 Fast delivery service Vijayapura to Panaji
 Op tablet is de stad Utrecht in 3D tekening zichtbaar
...
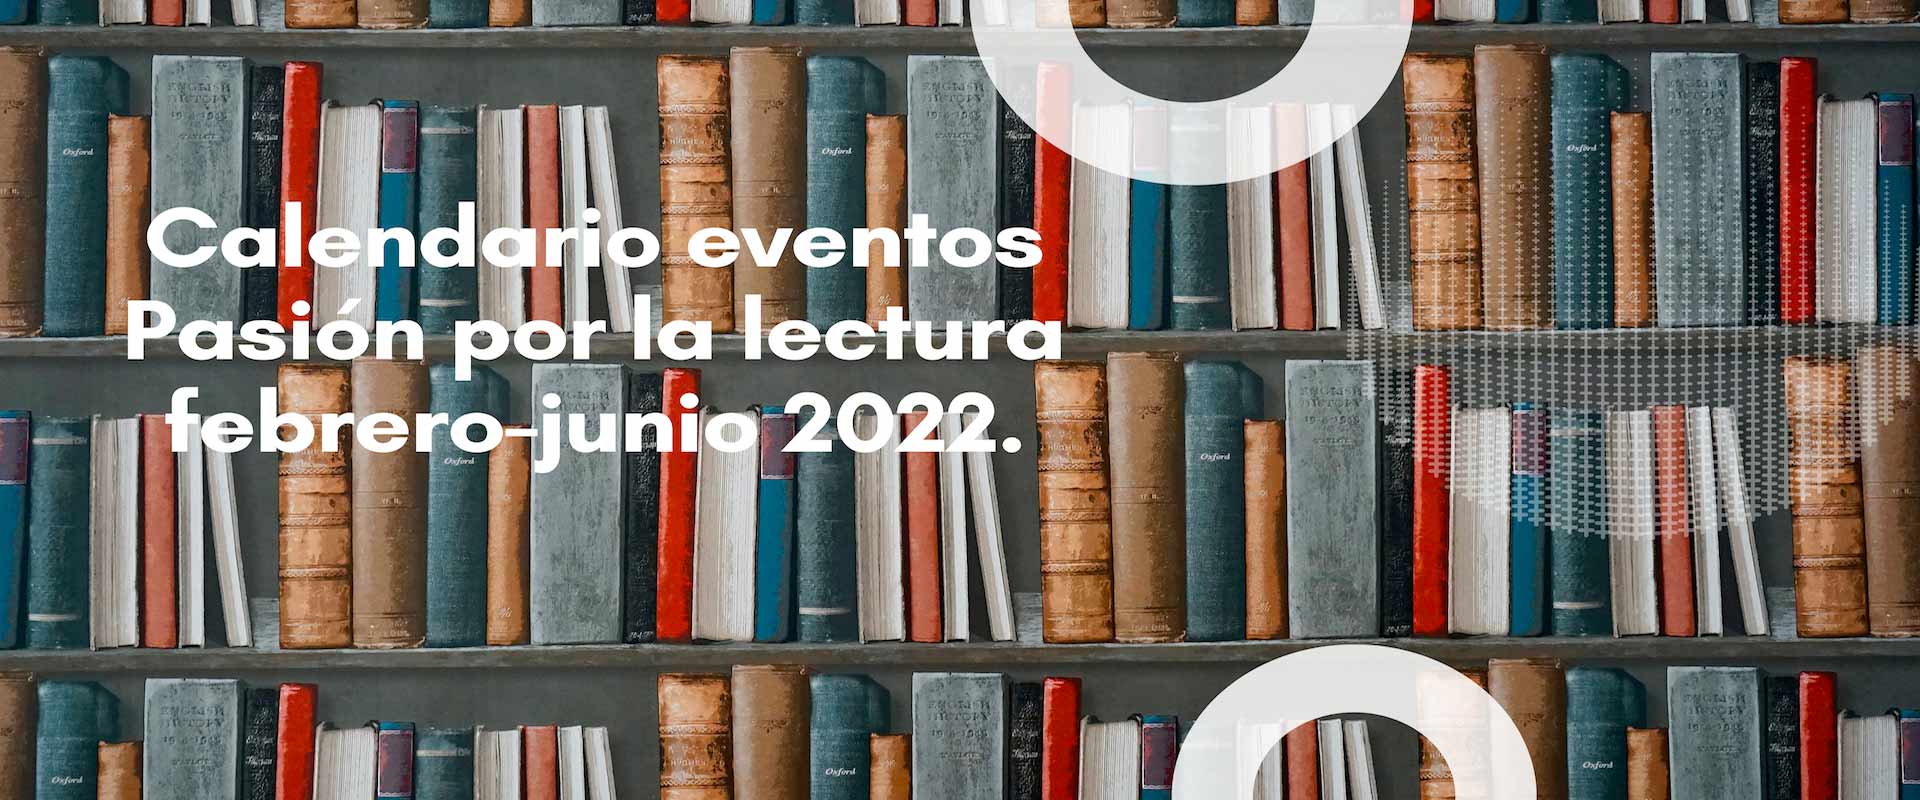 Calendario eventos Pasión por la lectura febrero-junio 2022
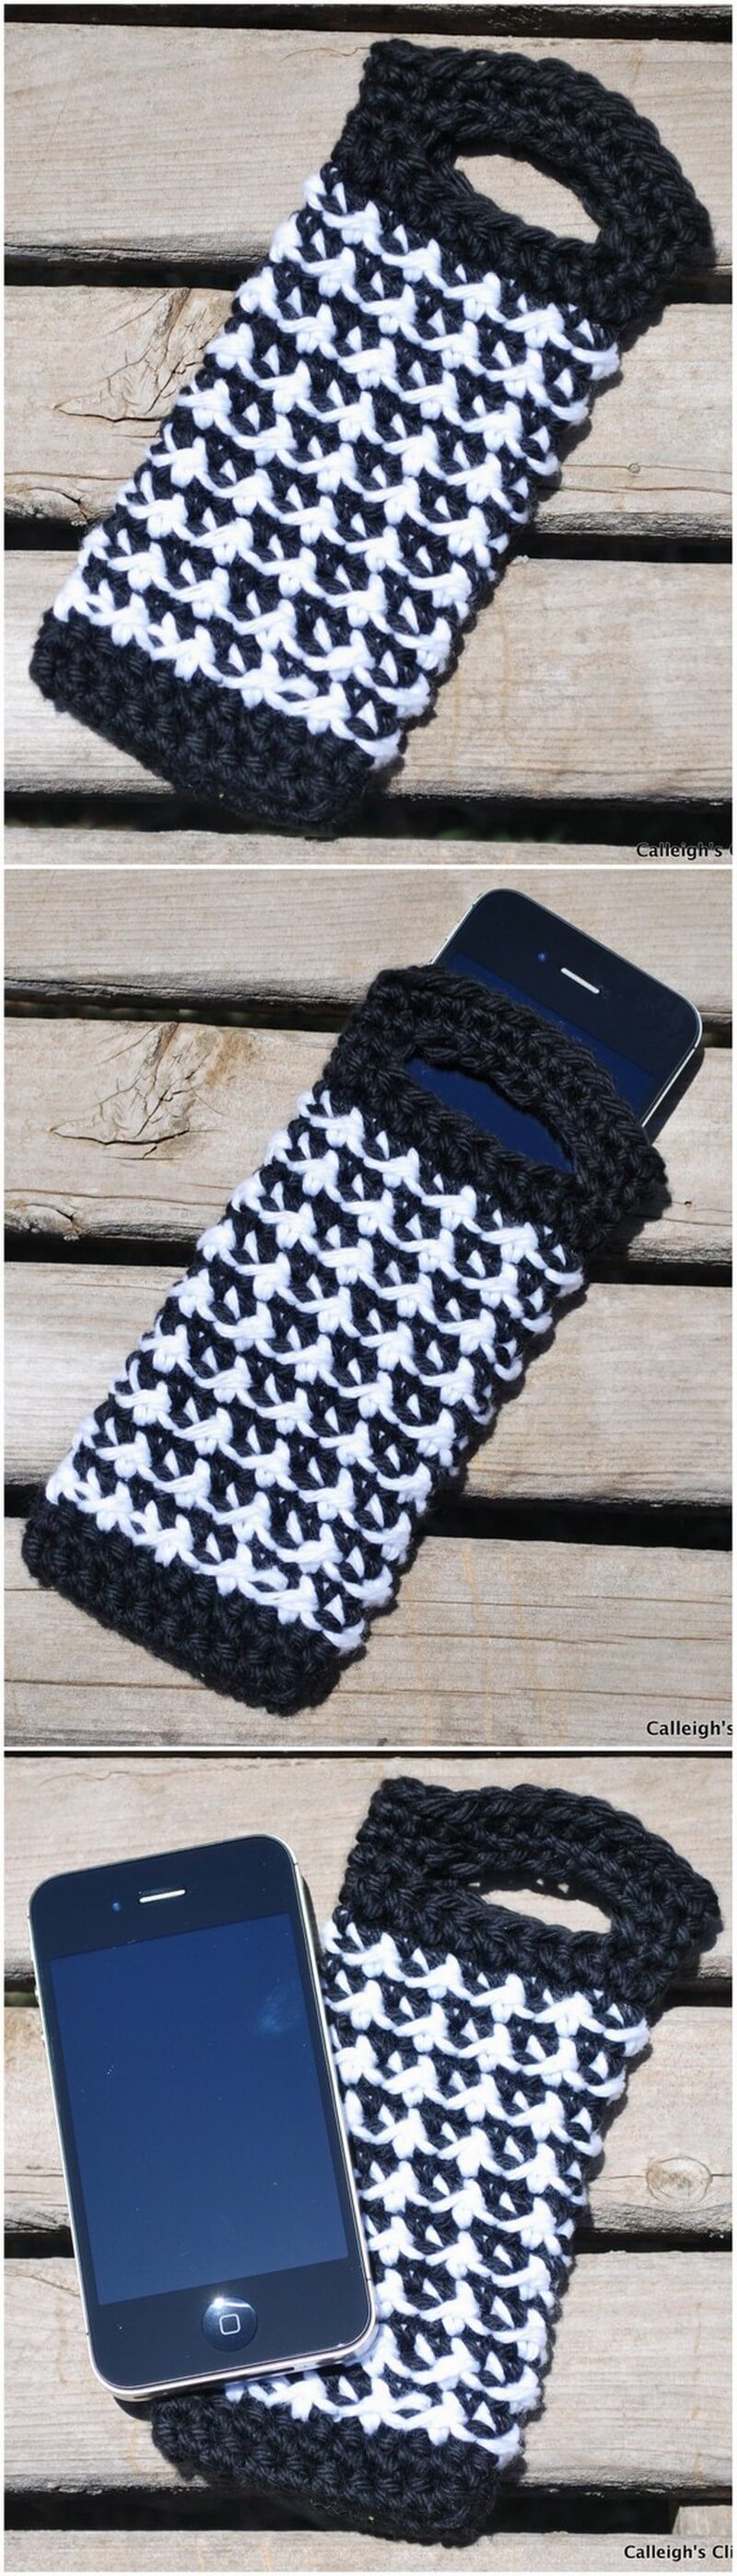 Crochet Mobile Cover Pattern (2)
==
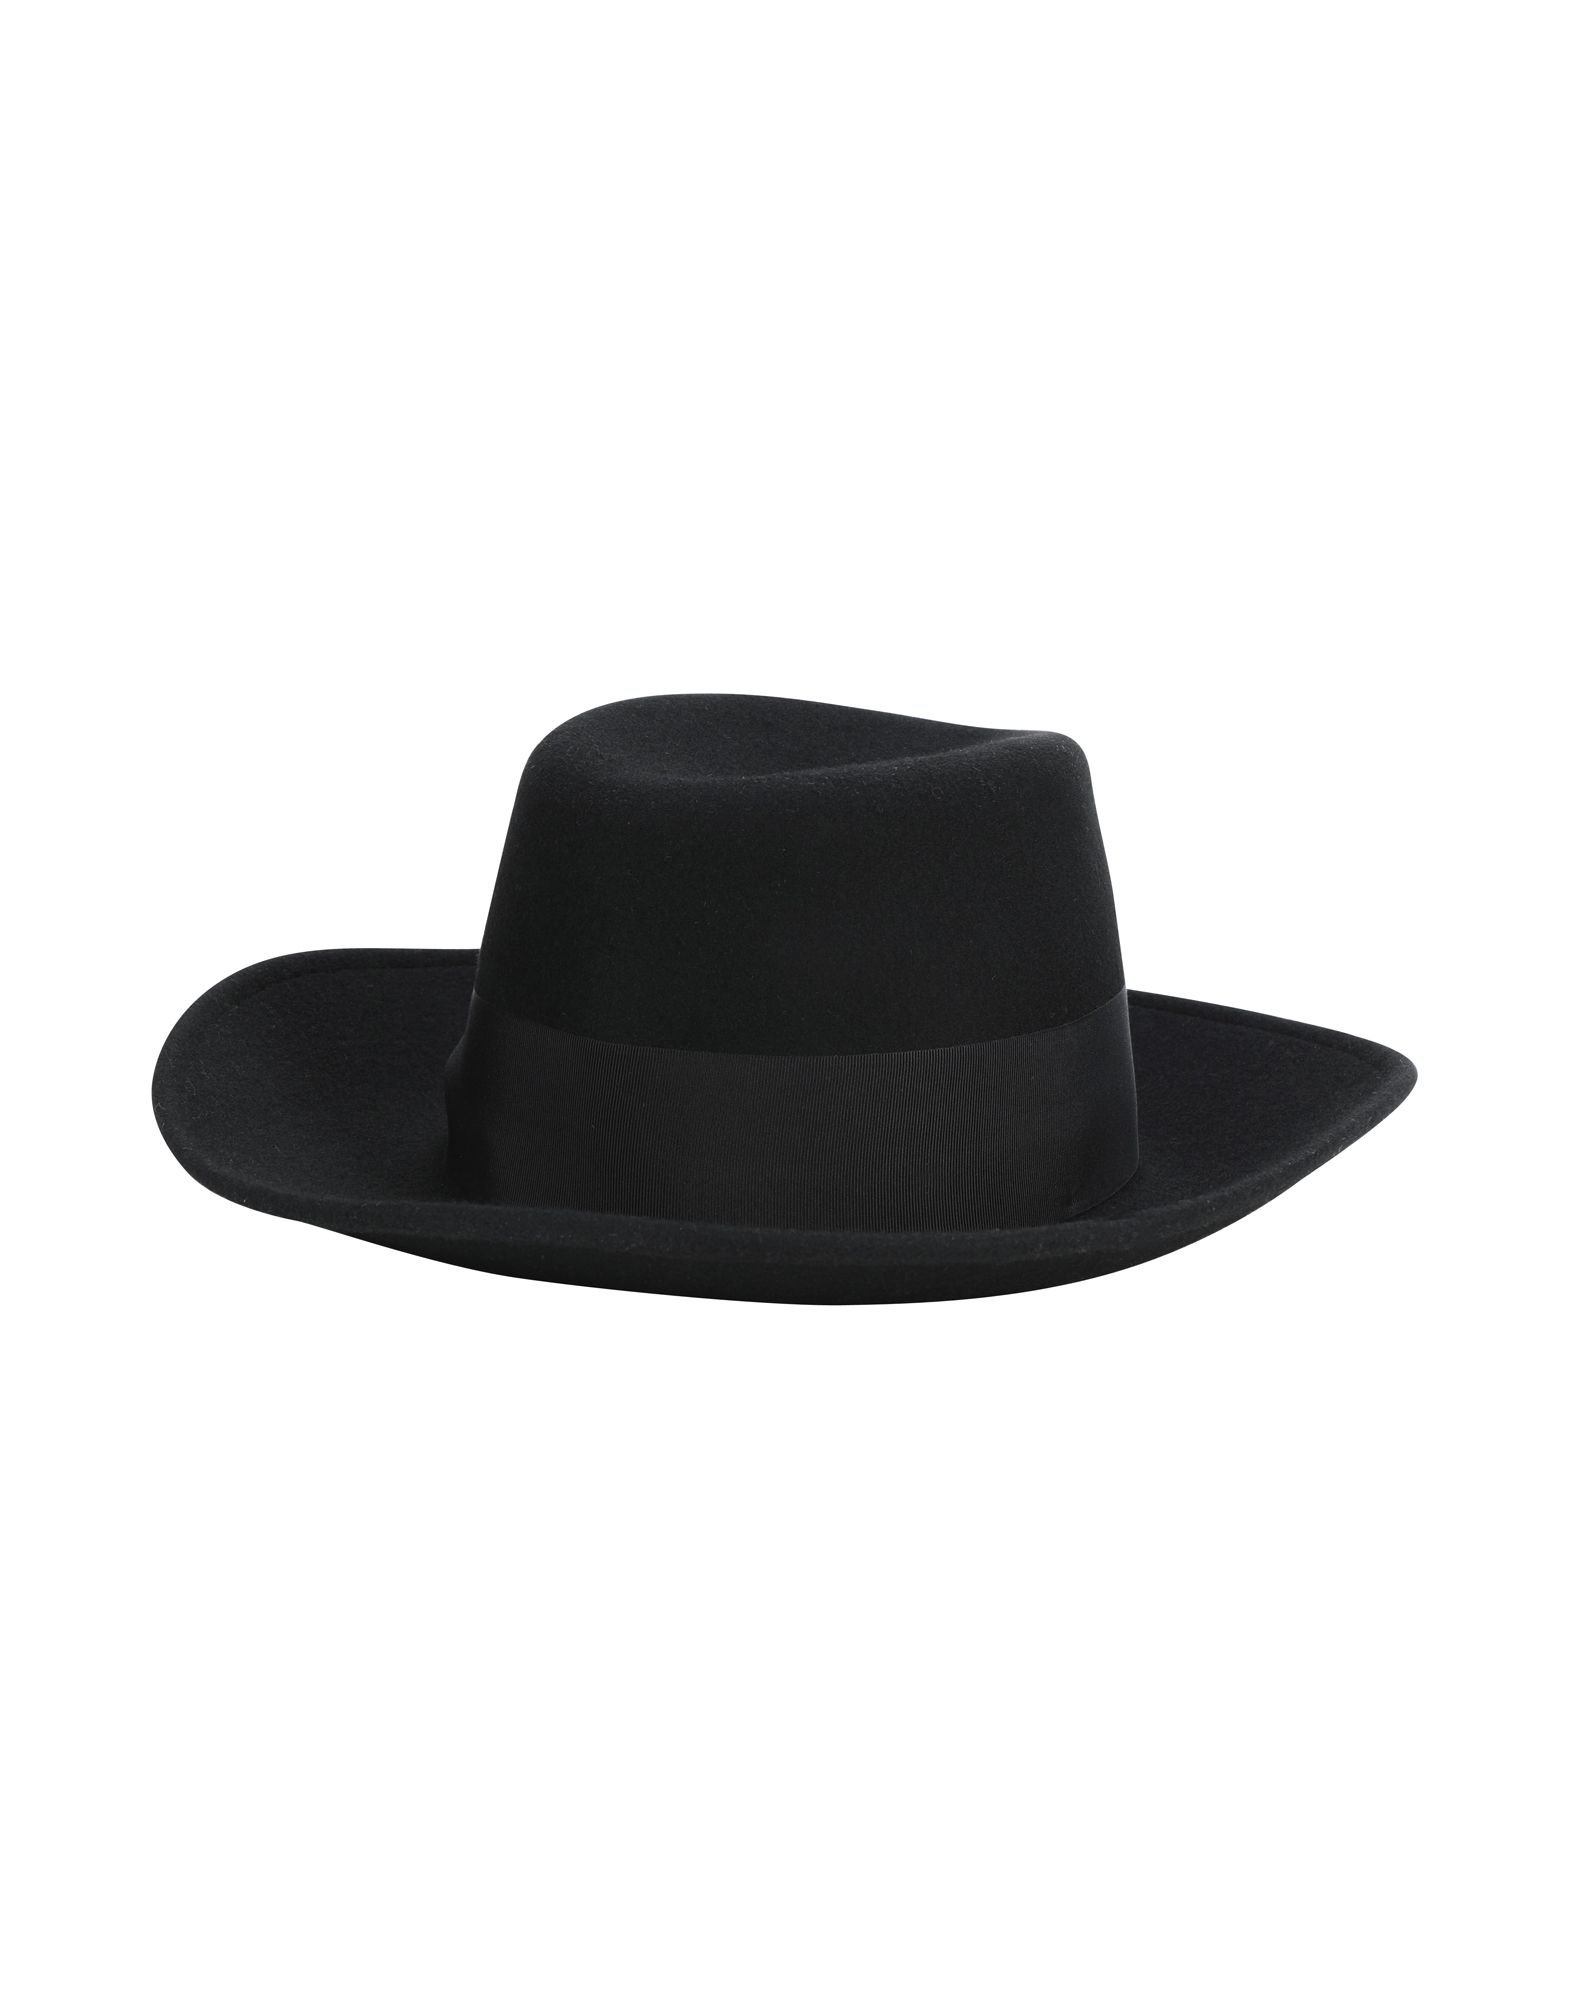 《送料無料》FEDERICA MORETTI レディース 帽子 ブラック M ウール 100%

▶ _Problem to work on_
Your answer must be the lines above from the one holding "Calendario eventos Pasión" up to and including the one holding "Crochet Mobile Cover Pattern (2)", exact and with no pictures.

▶ _Answer to this task_
 Calendario eventos Pasión por la lectura febrero-junio 2022
 Crochet Mobile Cover Pattern (2)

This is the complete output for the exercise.